Start of GIVEN INFORMATION

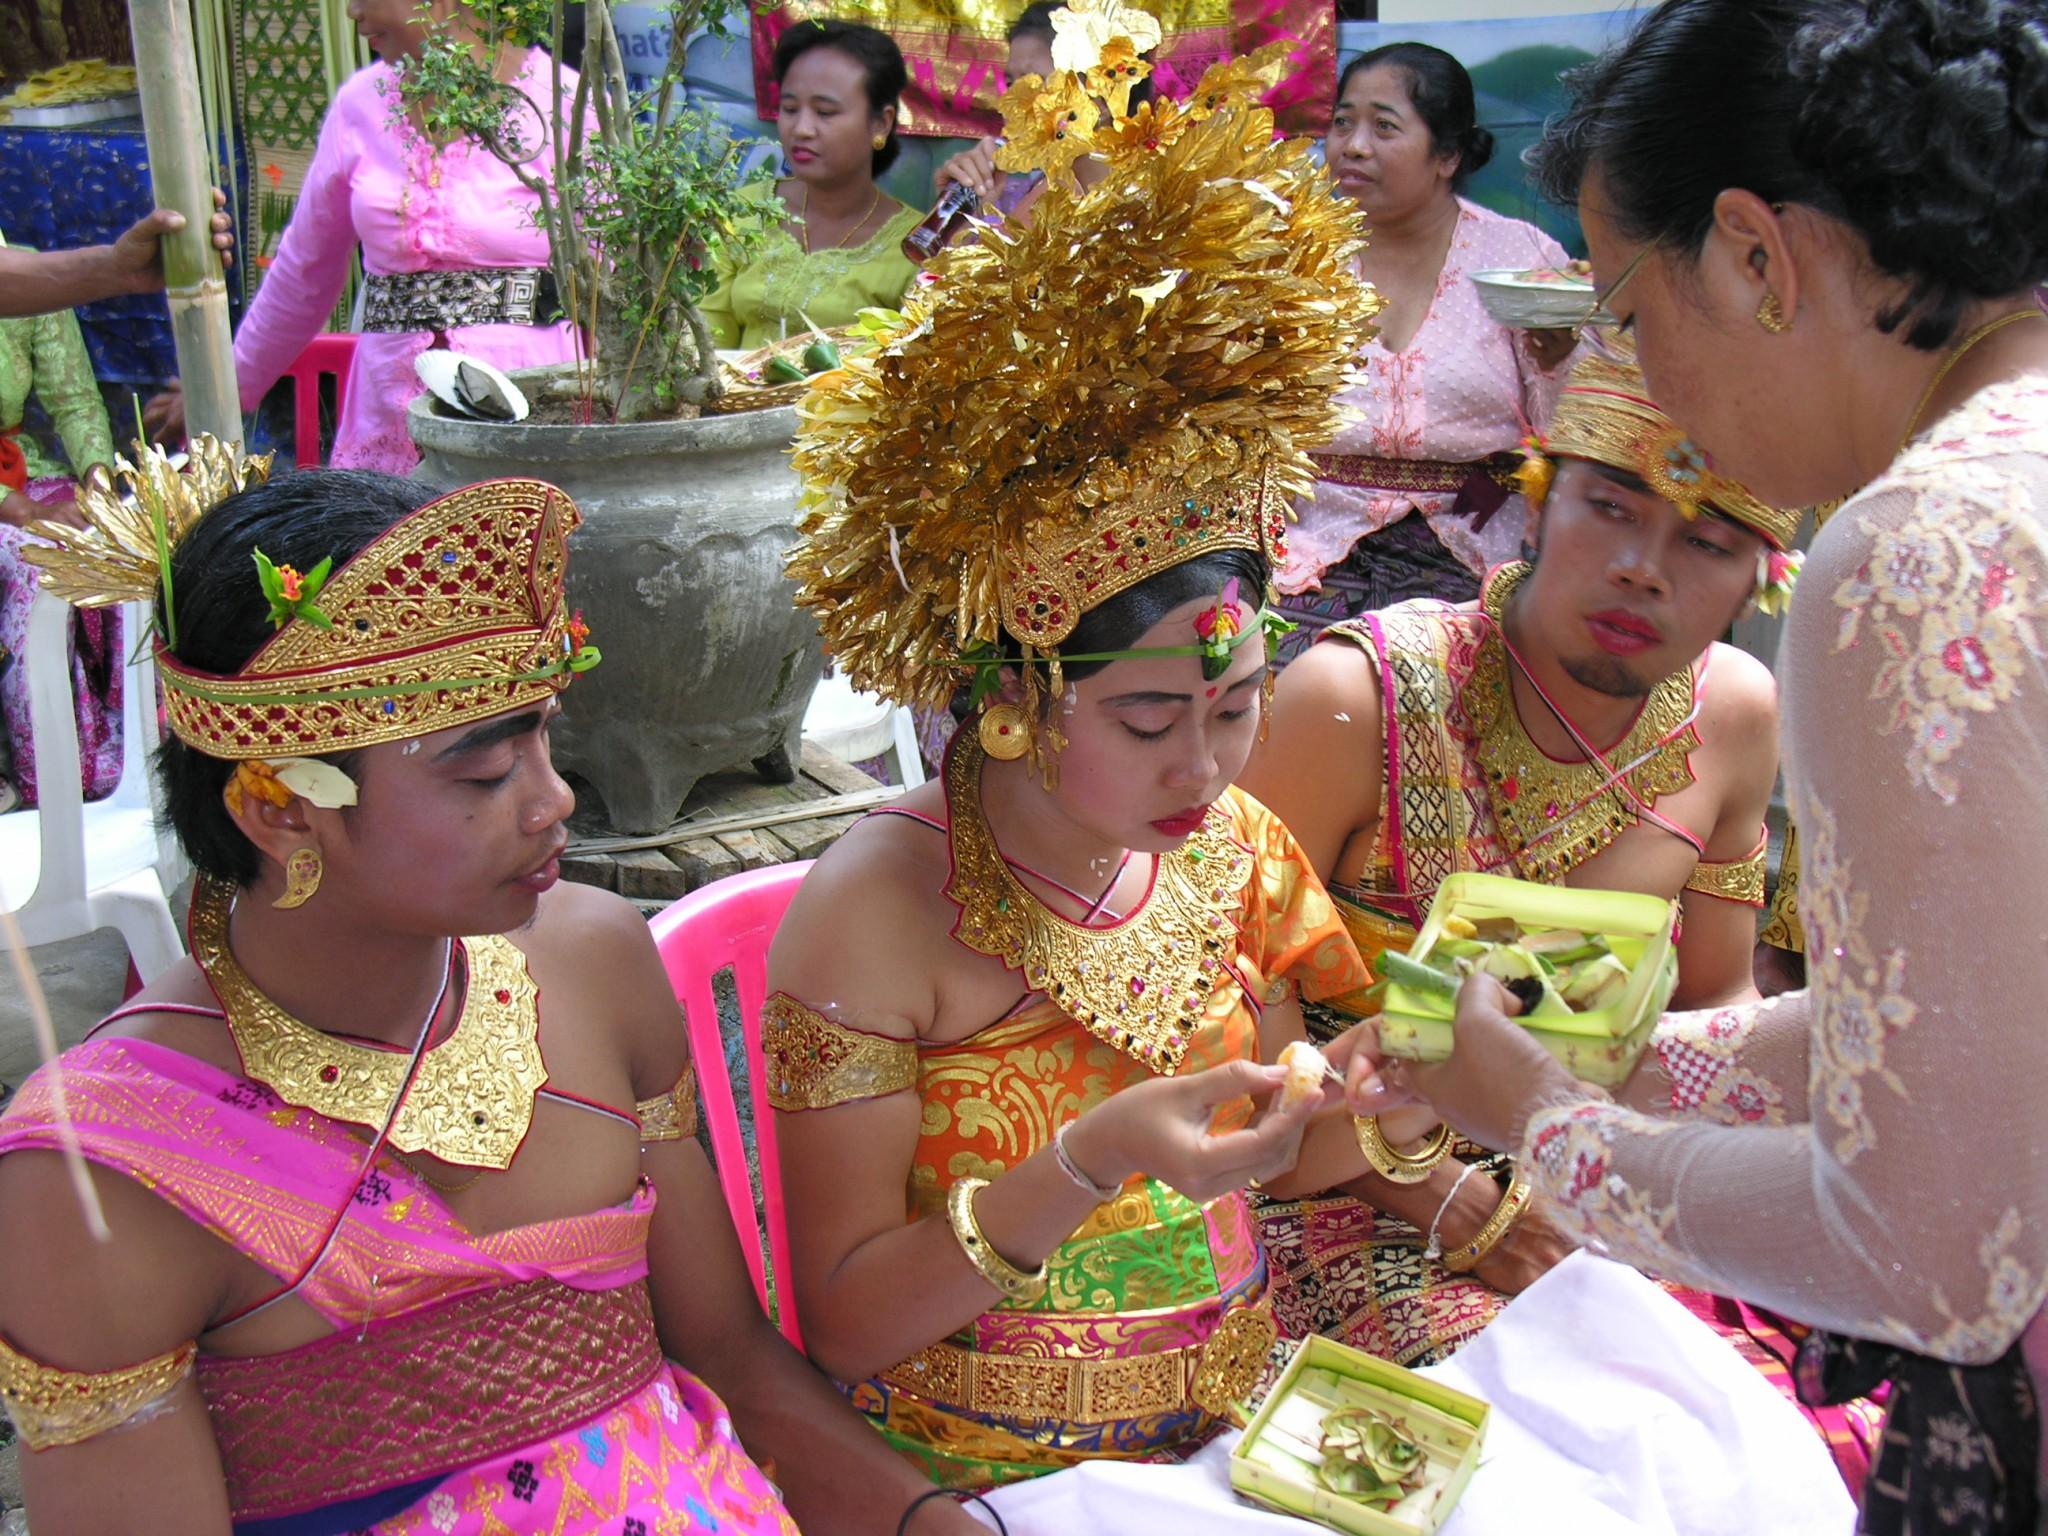 GROEPSREIS INDONESIE : KLEINE SUNDA – EILAND33
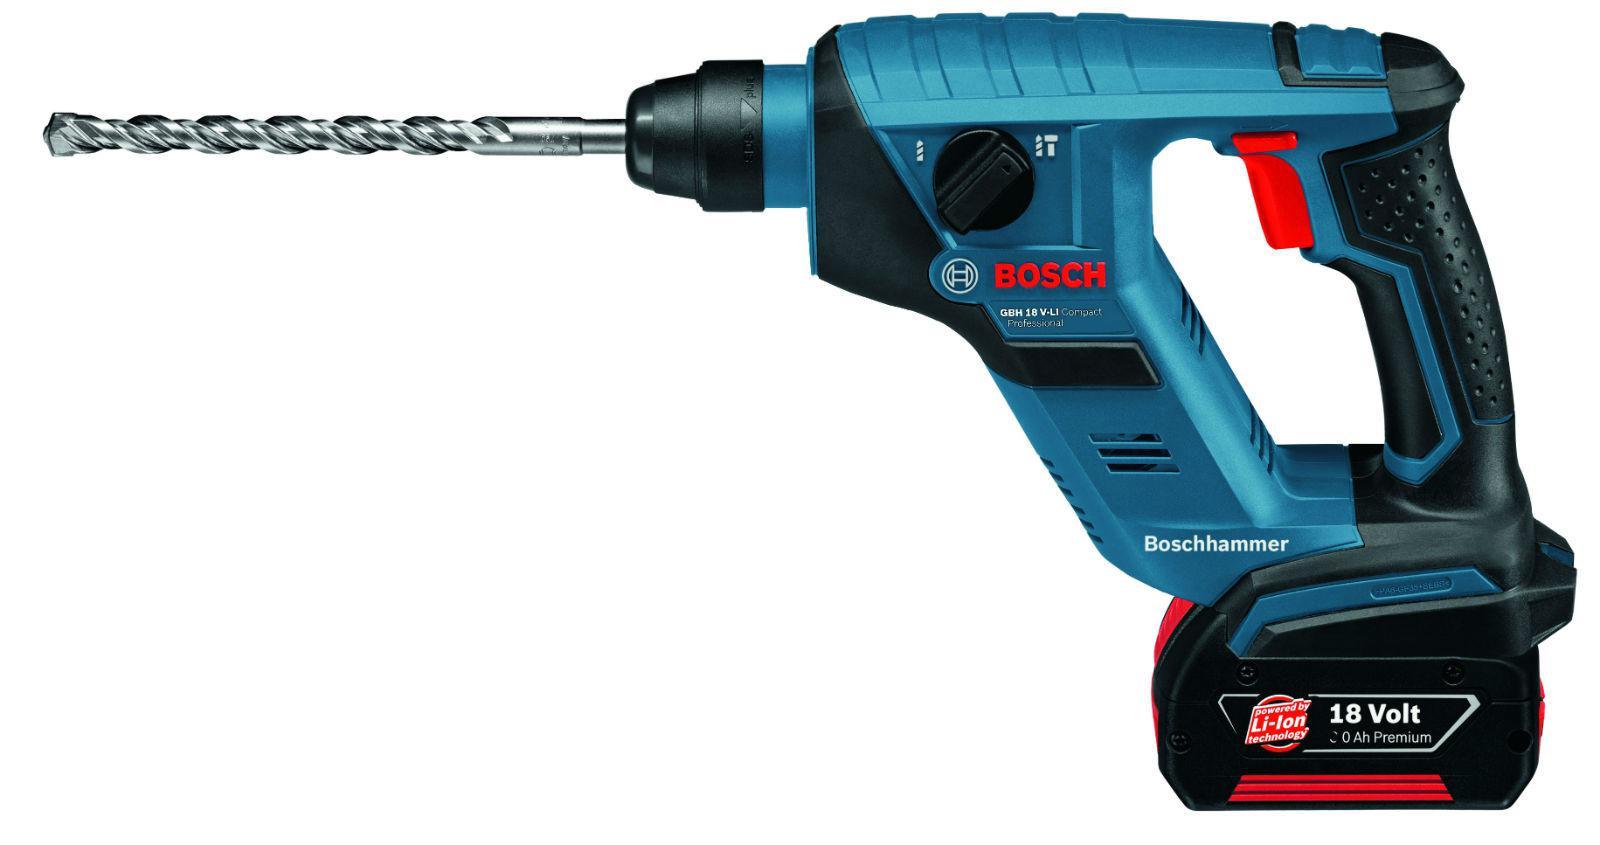 Перфоратор Bosch 611905300 gbh 18 v-li compact (0.611.905.300) пила цепная аккумуляторная bosch ake 30 li
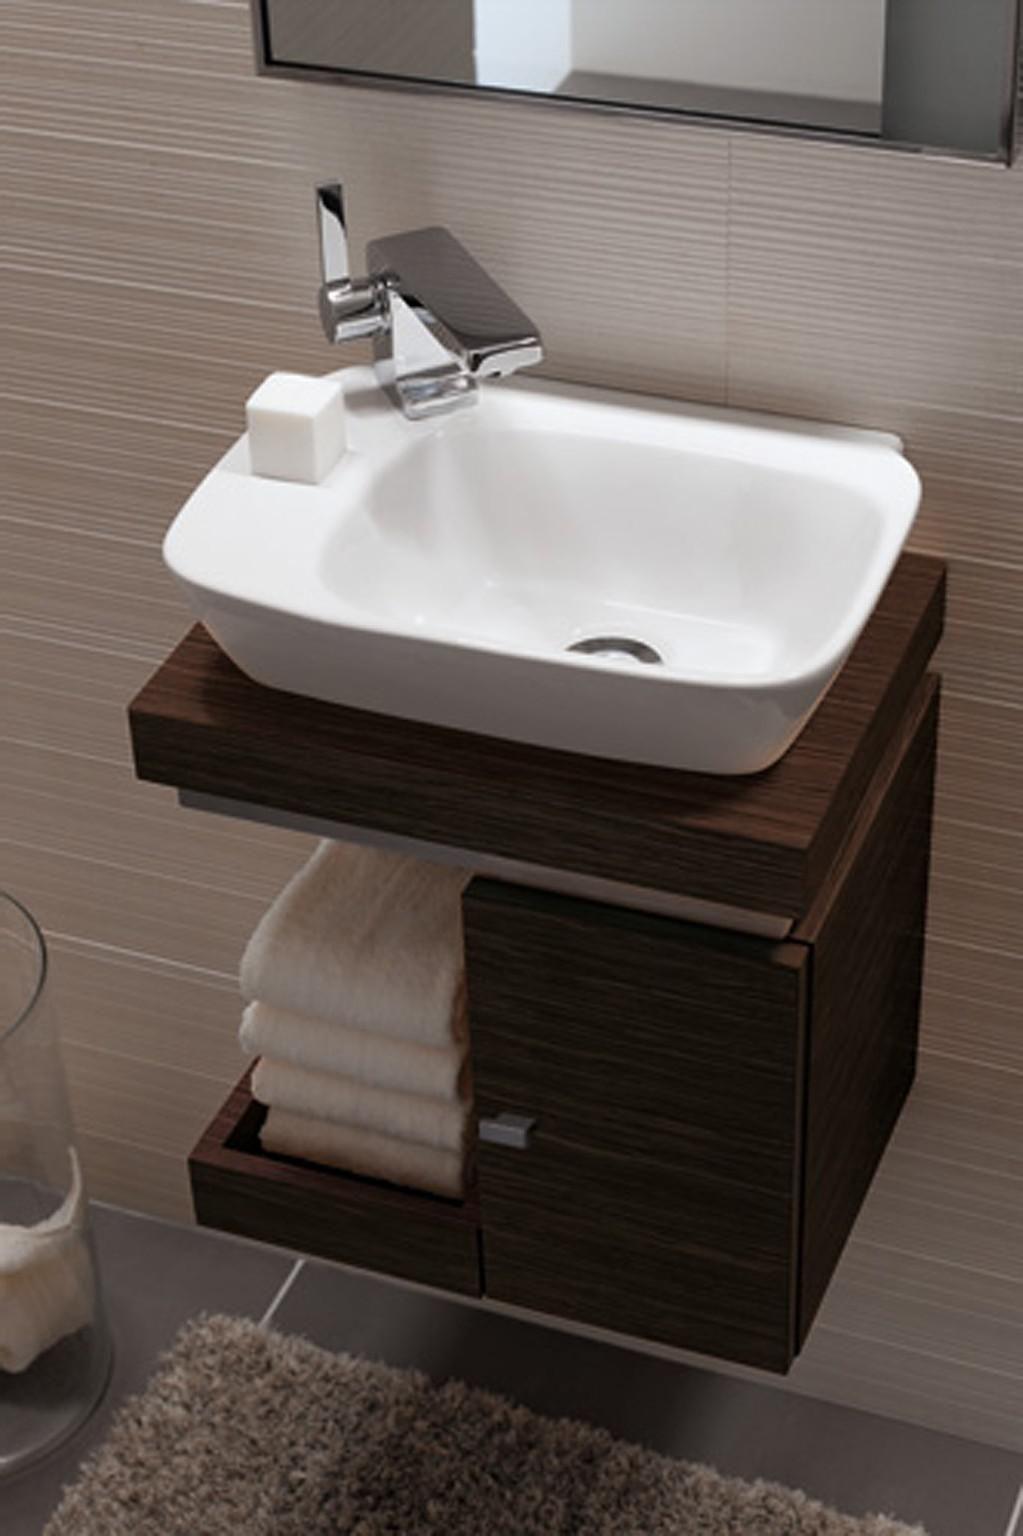 Waschbecken Mit Unterschrank Schrank Badezimmer Elegant Badezimmer Unterschrank Mit Waschbecken L Handwaschbecken Gaste Wc Waschbecken Gaste Wc Wc Waschbecken

End of GIVEN INFORMATION

REQUIREMENT: Only the text of the material belongs in your copy, which must match the original exactly.

EXERCISE ANSWER:
 GROEPSREIS INDONESIE : KLEINE SUNDA – EILAND33
 Перфоратор Bosch 611905300 gbh 18 v-li compact (0.611.905.300) пила цепная аккумуляторная bosch ake 30 li
 Waschbecken Mit Unterschrank Schrank Badezimmer Elegant Badezimmer Unterschrank Mit Waschbecken L Handwaschbecken Gaste Wc Waschbecken Gaste Wc Wc Waschbecken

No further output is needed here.